Despite the heavy traffic thundering by on the M1, the field had been hard to reach, even though it was not far from London Gateway Services. Anna could see the group of men at the far side of the field, and she recognized Detective Chief Inspector Mike Lewis; standing beside him was the rotund figure of Detective Sergeant Paul Barolli. Both men turned to watch her plodding toward them.

“What’s the shout?” she asked as her feet squelched beneath her.

Mike gave her a brief rundown: the victim was a white female, discovered by a van driver called Brian Colling-wood who had parked on the hard shoulder to relieve himself up against the hedge. Collingwood told the police that he was just turning to go back to his vehicle when he spotted the body lying in the adjacent field. At first he thought there had been an accident, so he climbed through the hedge and crossed over the ditch. It quickly became obvious that the girl was dead, so he did not approach but immediately rang the police on his mobile phone, then went back to wait beside his van until the traffic police reported the discovery.
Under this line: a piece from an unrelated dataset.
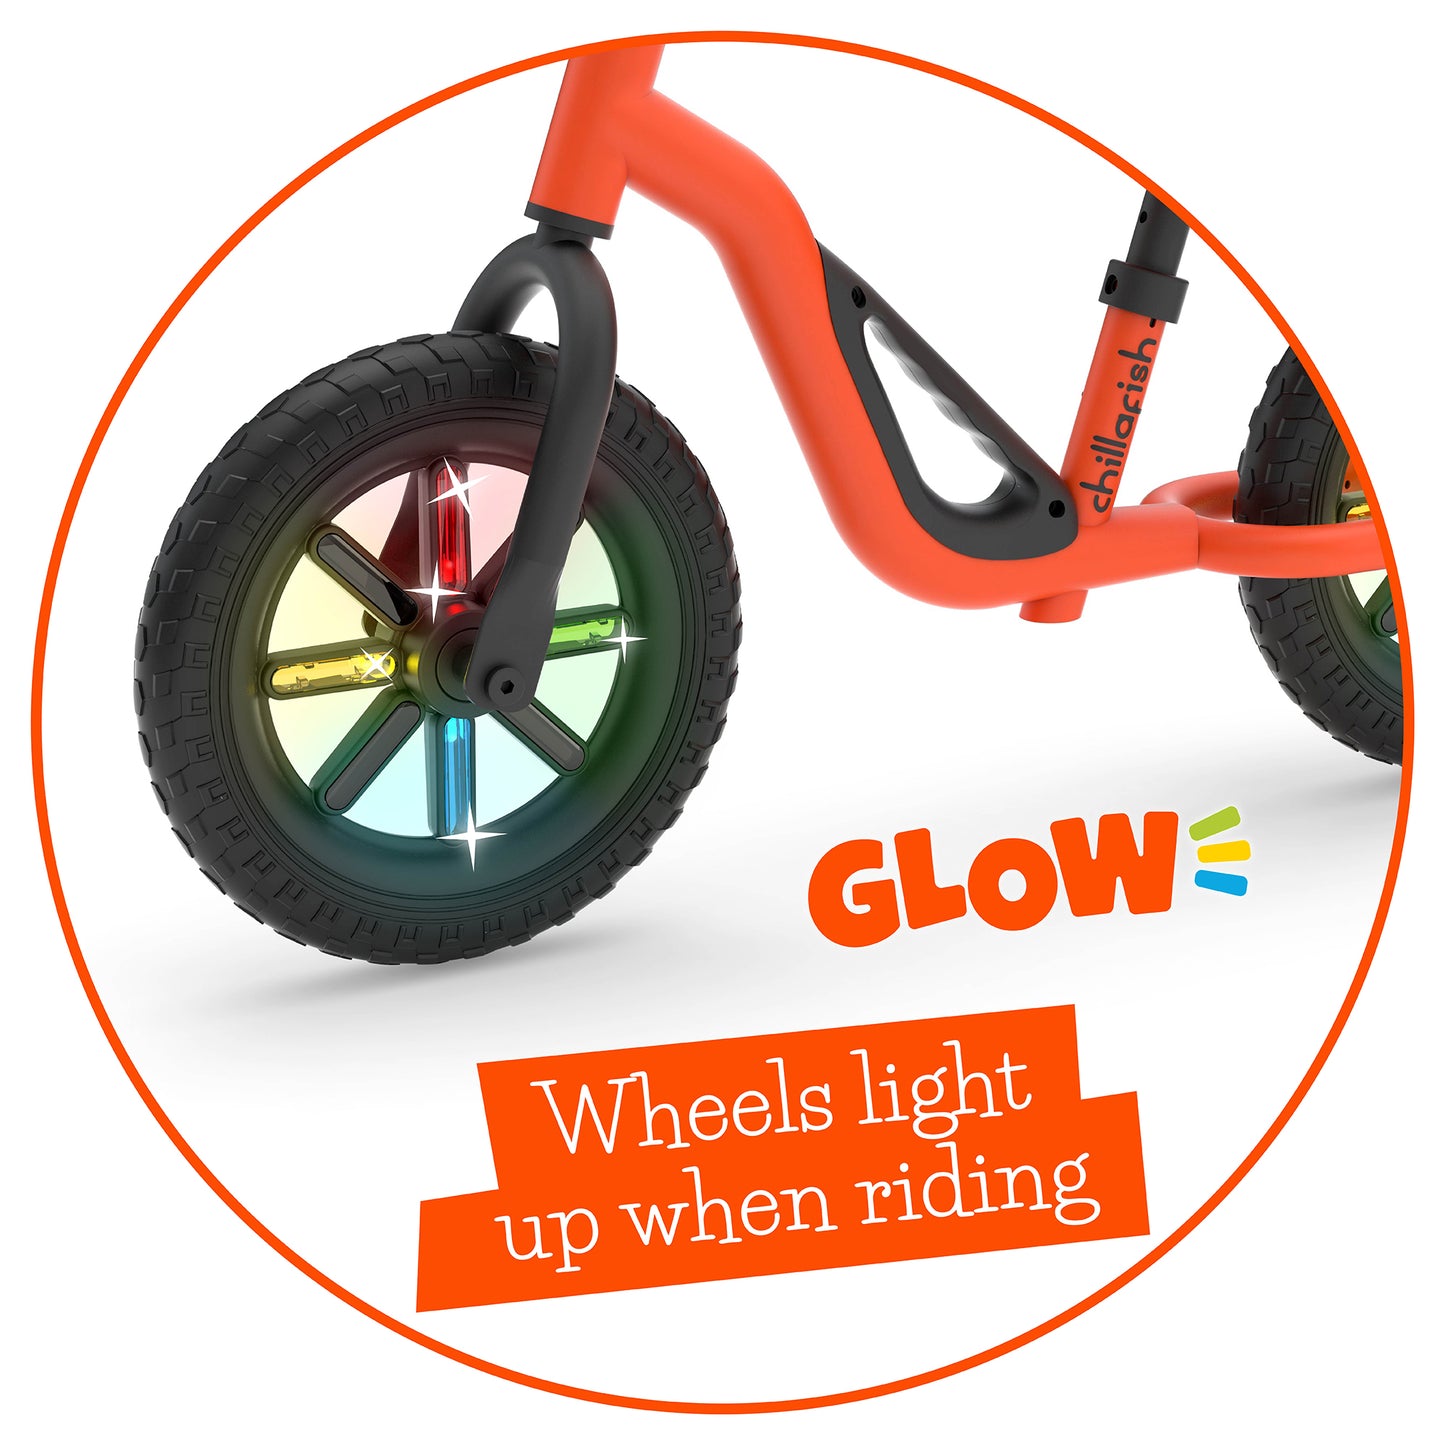 Leichtes Laufrad Charlie mit leuchtenden Rädern, Tragegriff, verstellbarem Sitz und Lenker sowie pannensicheren 10-Zoll-Reifen

“Is that him?” Anna nodded toward the man being questioned. He was making a lot of gestures, pointing back at the motorway.

“Yeah. By the time we got here, he was pretty agitated. He knew he was illegally parked on the hard shoulder but continued to explain that he had been busting for a piss. He’s been unable to give any further details, having seen no other vehicle or witnessed anything suspicious. He also said repeatedly that he had not gone right up to the body but had remained about four feet away from her. When he’s finished giving all the details, I’m going to let him finish his journey to Birmingham.”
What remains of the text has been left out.